» Supplied data
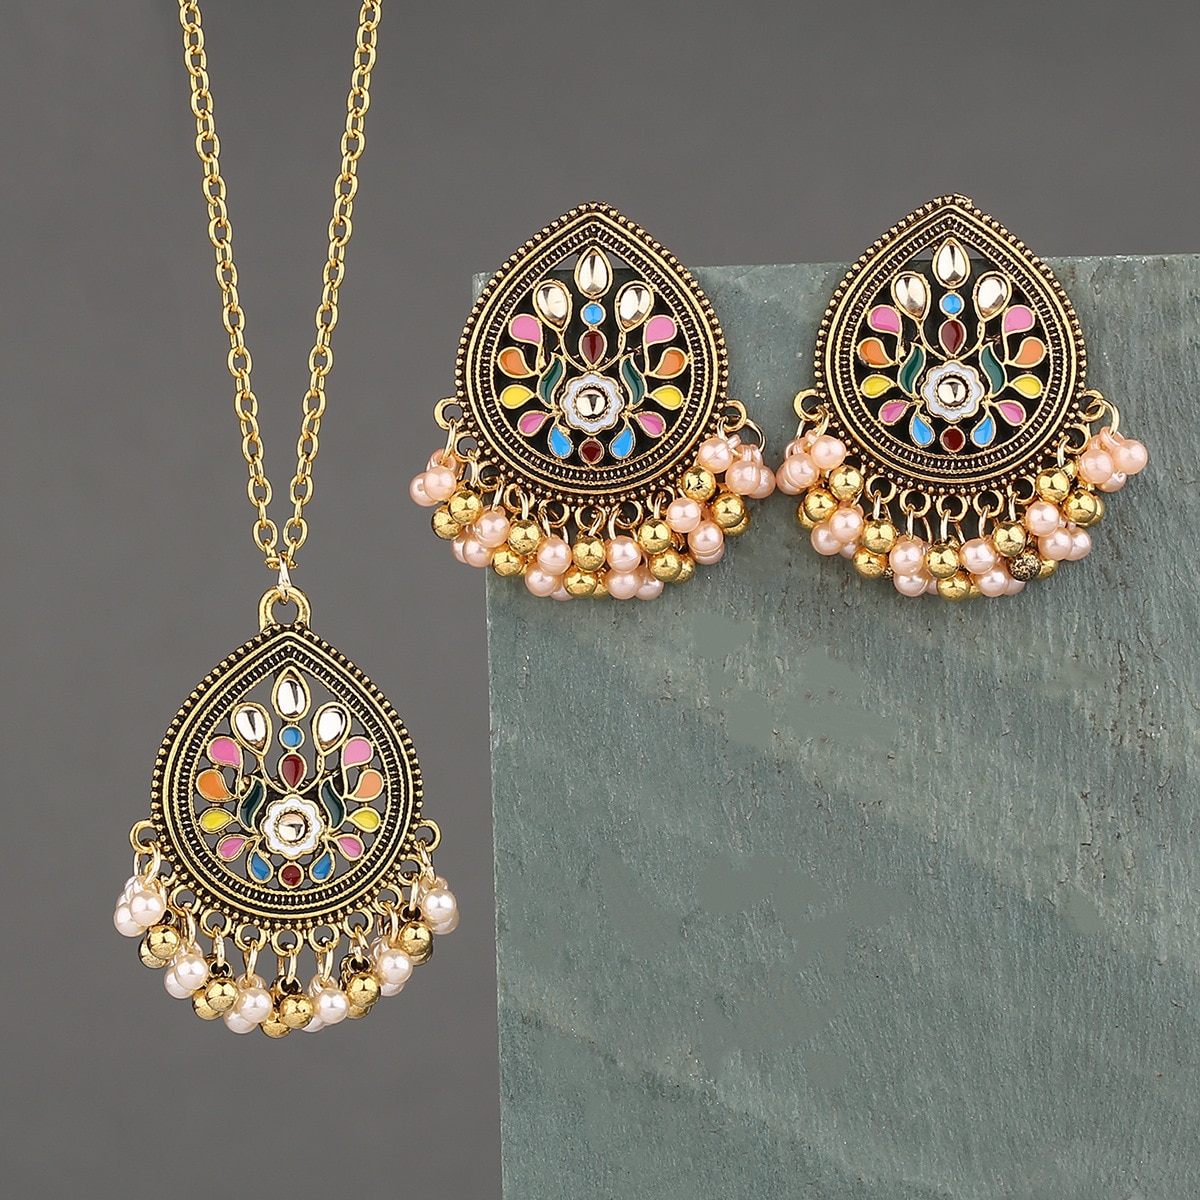 Women39s-Water-Drop-Indian-Jewelry-Set-Gold-Color-EarringNecklace-Set-Bijoux-Pearl-Beads-Wedding-Jew-3256804354500649-3
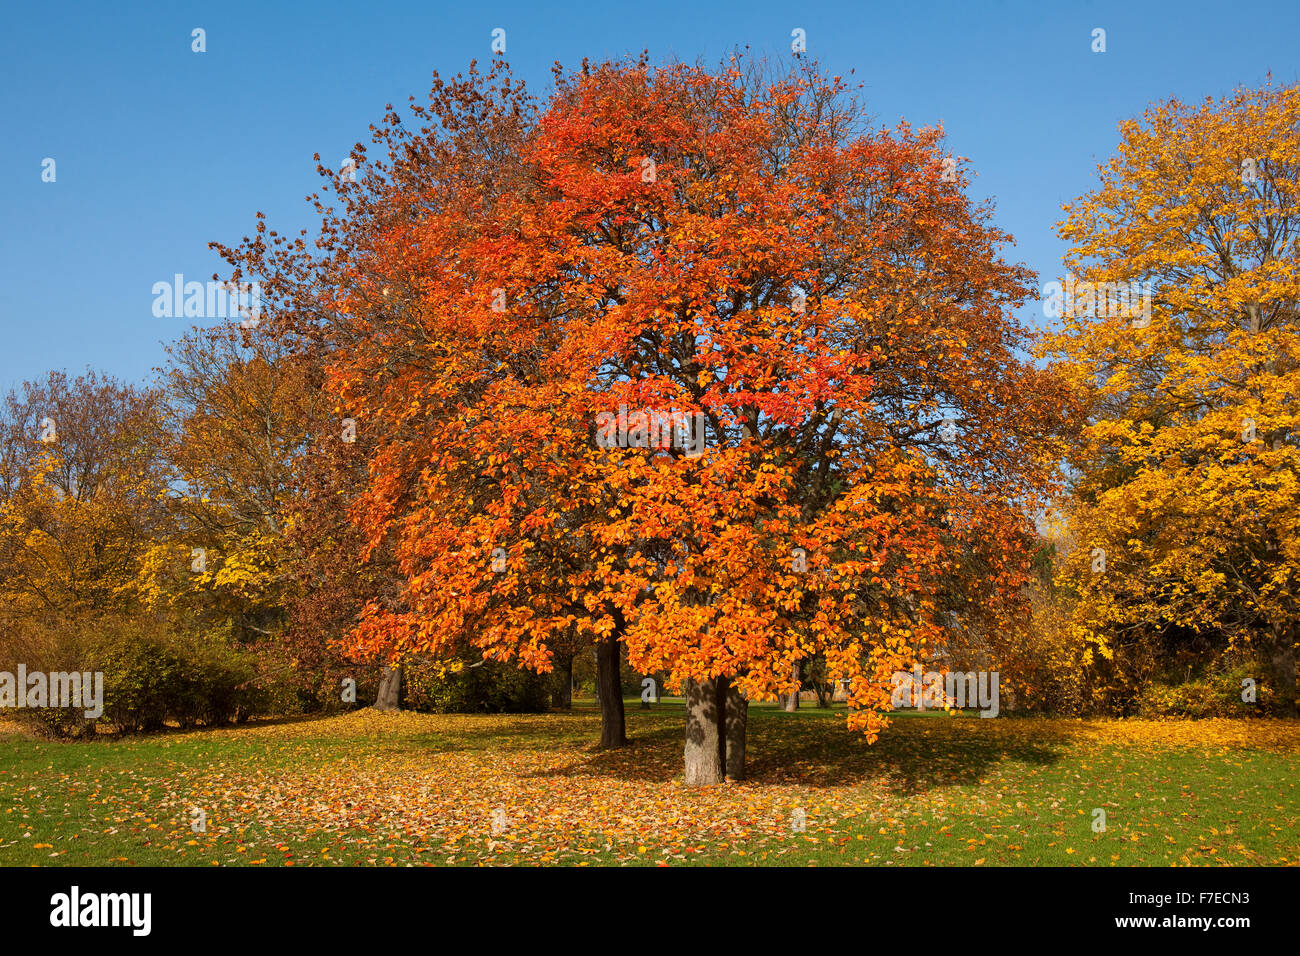 Swedish whitebeam (Sorbus intermedia) with autumnal colored leaves, Park, Erfurt, Thuringia, Germany Stock Photo
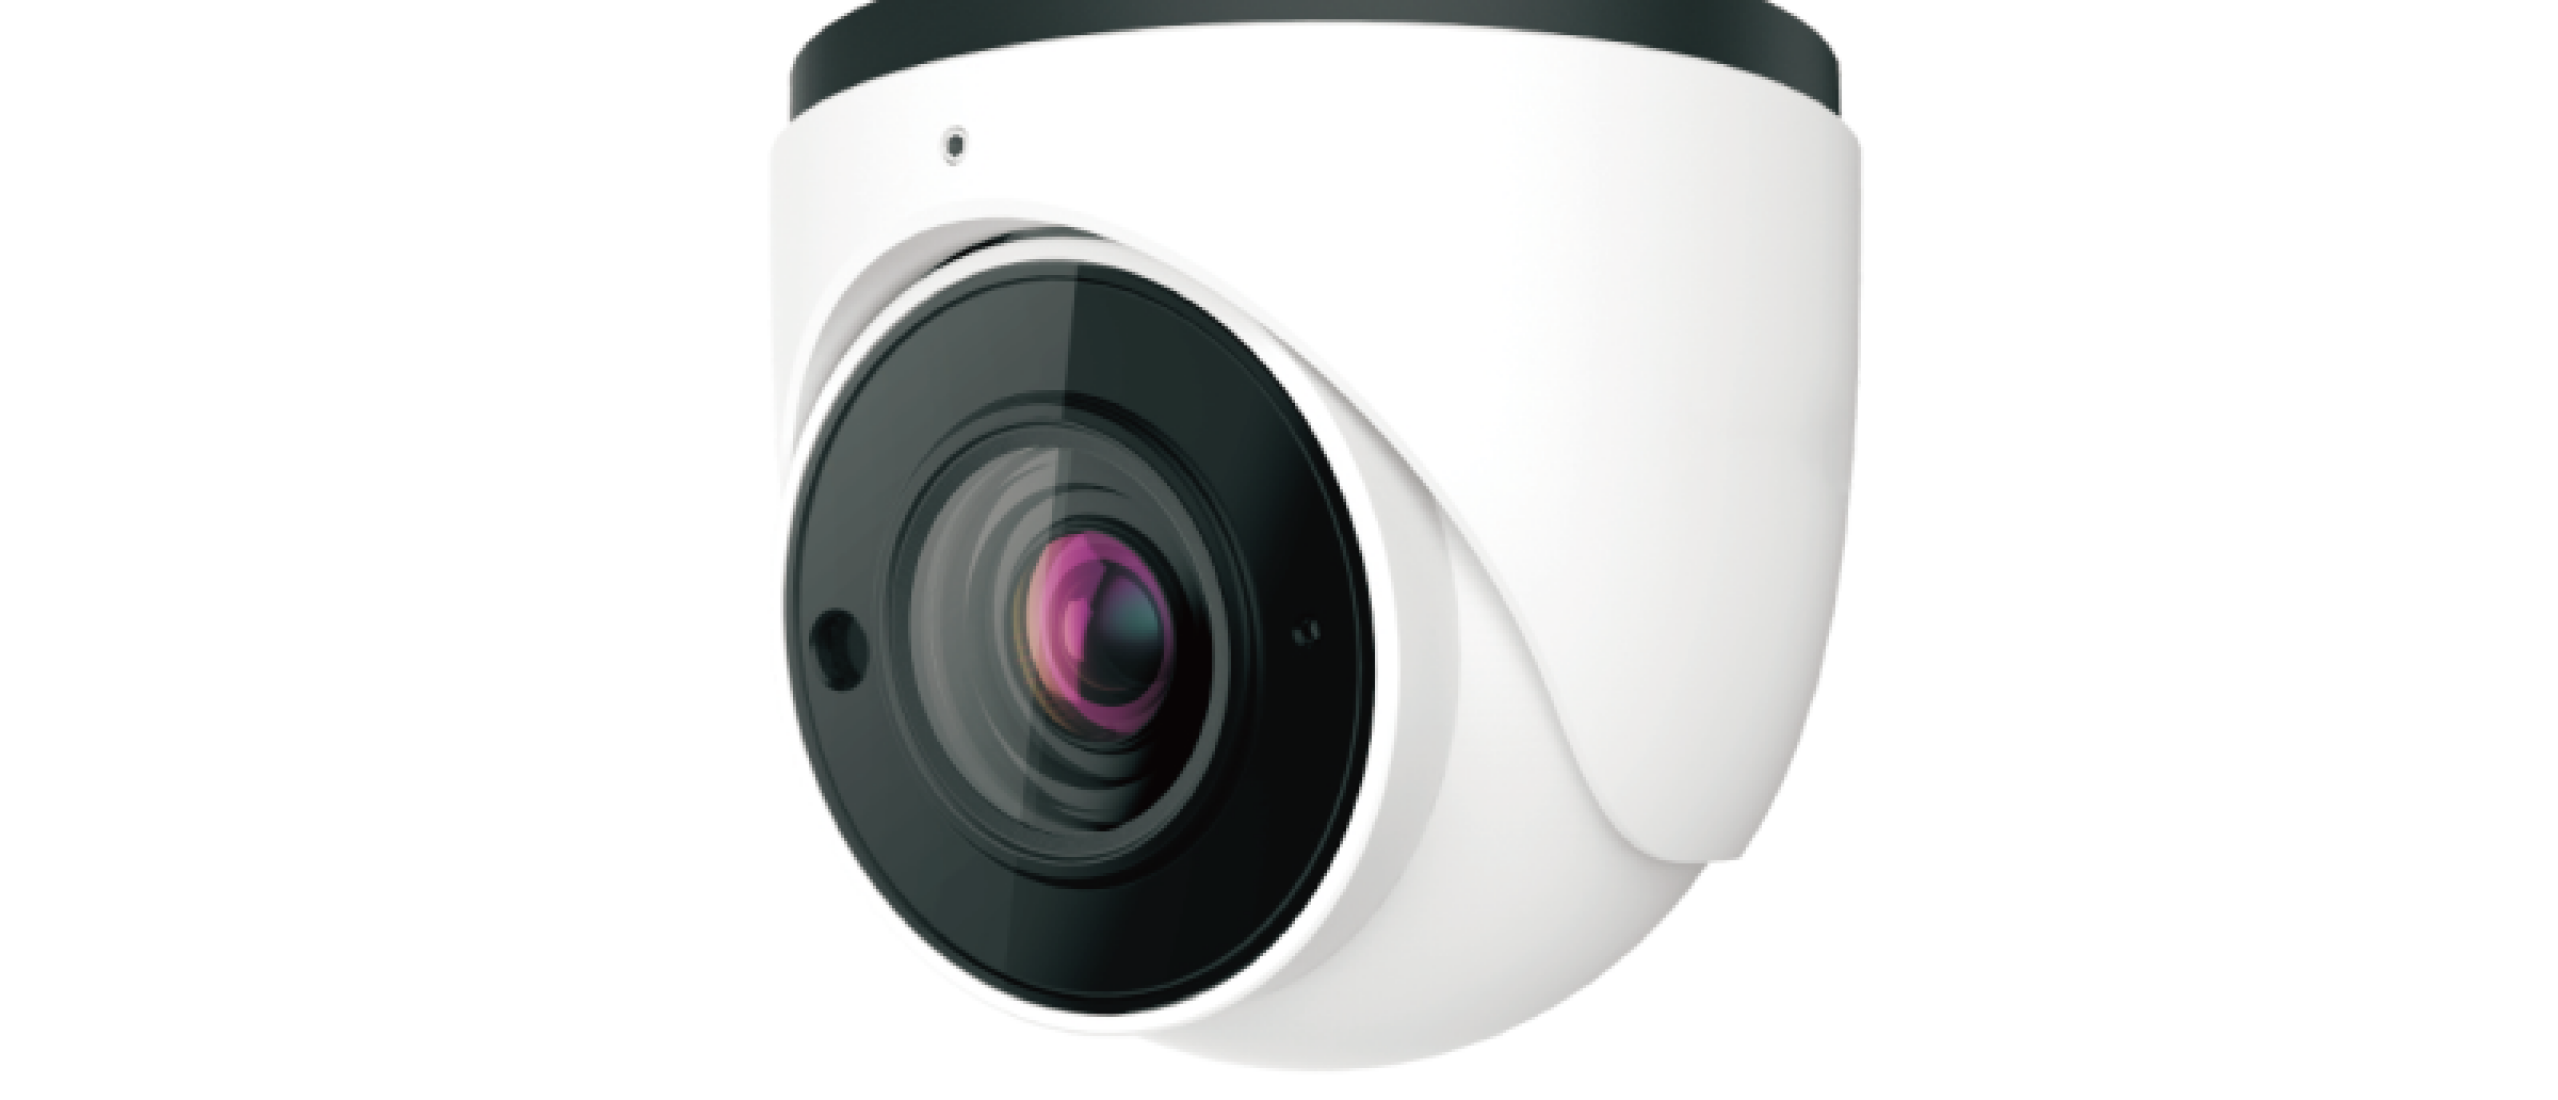 Vista NDAA compliant IP camera's
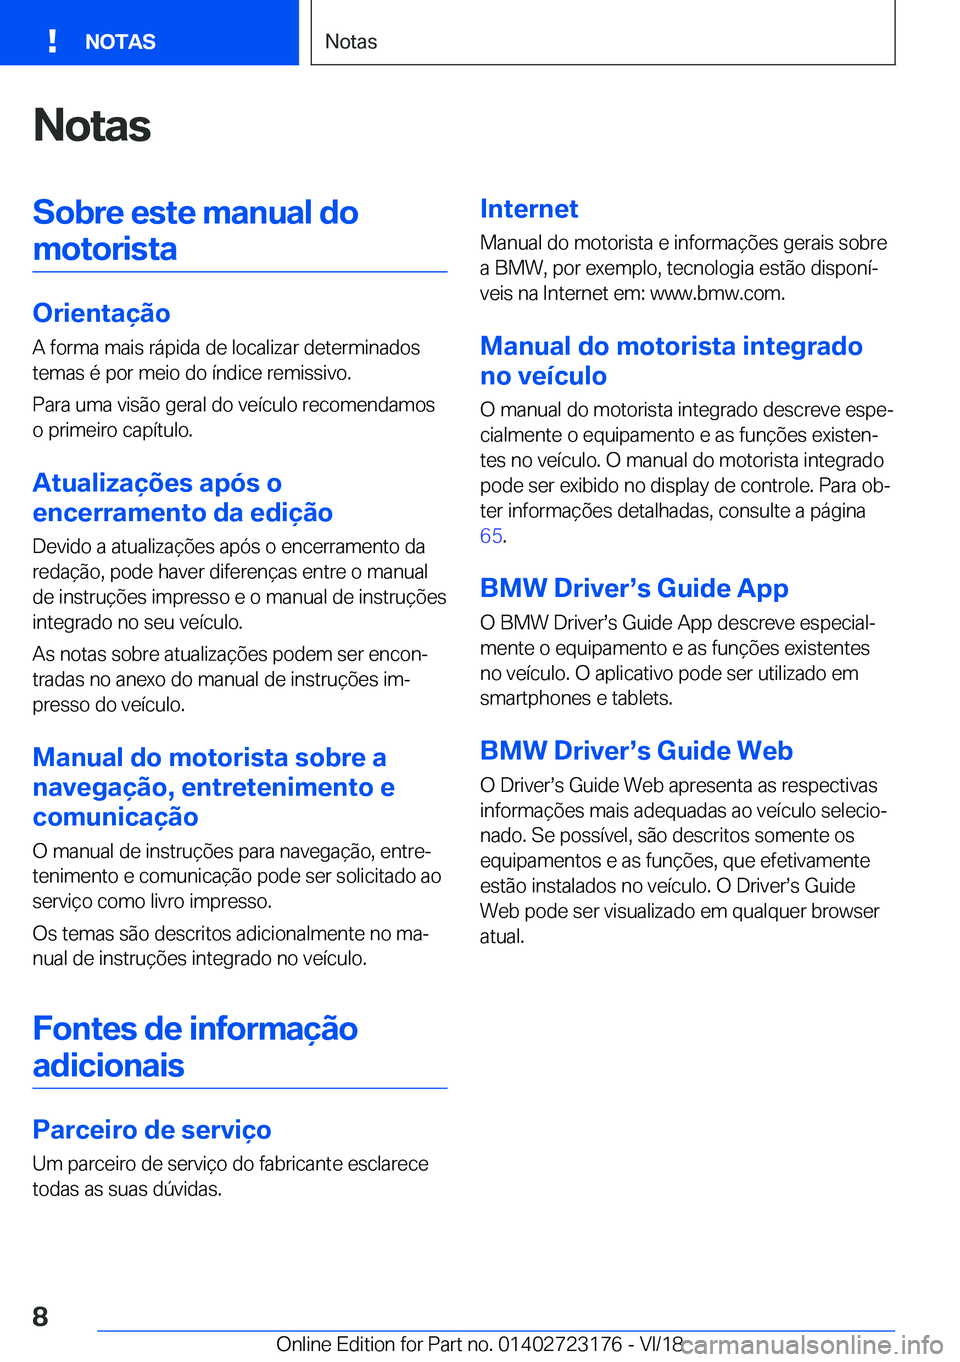 BMW 4 SERIES GRAN COUPE 2019  Manual do condutor (in Portuguese) �N�o�t�a�s�S�o�b�r�e��e�s�t�e��m�a�n�u�a�l��d�o�m�o�t�o�r�i�s�t�a
�O�r�i�e�n�t�a�
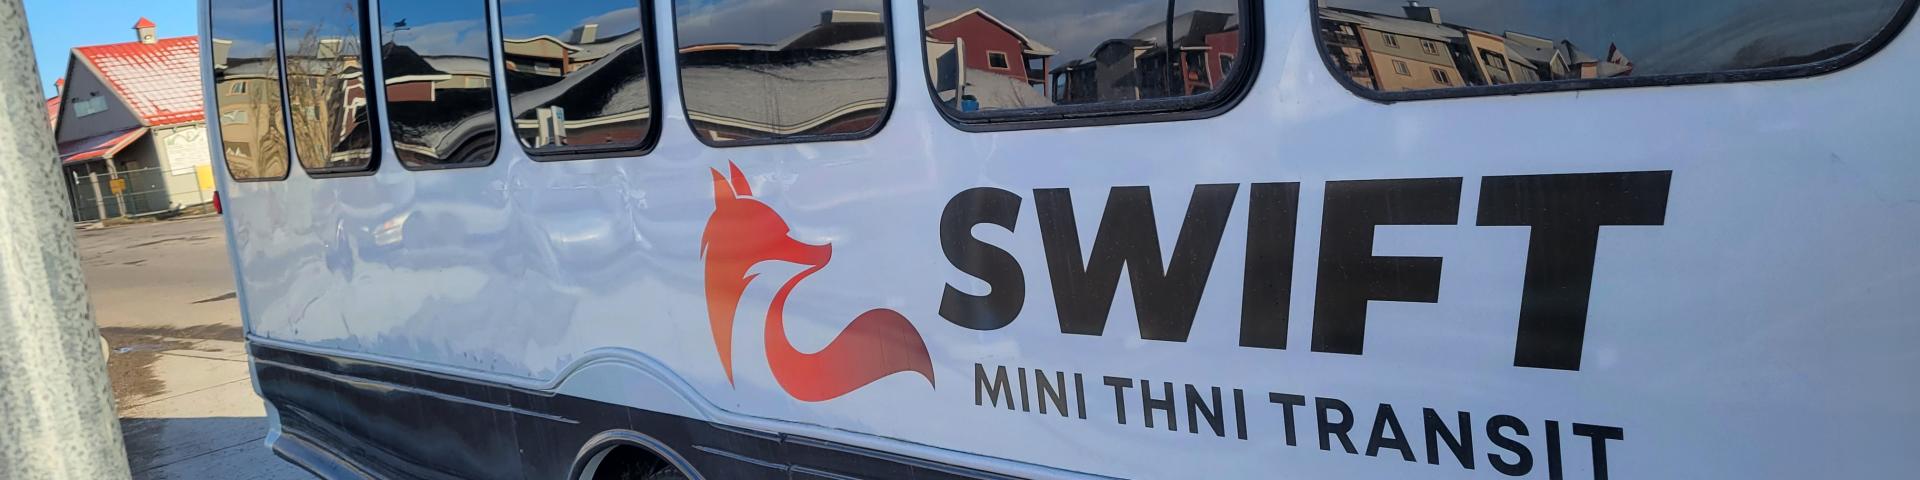 swift mini Thni transit bus

» Brief
Locate "Swedish whitebeam (Sorbus" in the listing above, then print exactly the lines from that line through the final one, omitting all pictures.

» Written response
 Swedish whitebeam (Sorbus intermedia) with autumnal colored leaves, Park, Erfurt, Thuringia, Germany Stock Photo
 Vista NDAA compliant IP camera's
 BMW 4 SERIES GRAN COUPE 2019  Manual do condutor (in Portuguese) �N�o�t�a�s�S�o�b�r�e��e�s�t�e��m�a�n�u�a�l��d�o�m�o�t�o�r�i�s�t�a
�O�r�i�e�n�t�a�
 swift mini Thni transit bus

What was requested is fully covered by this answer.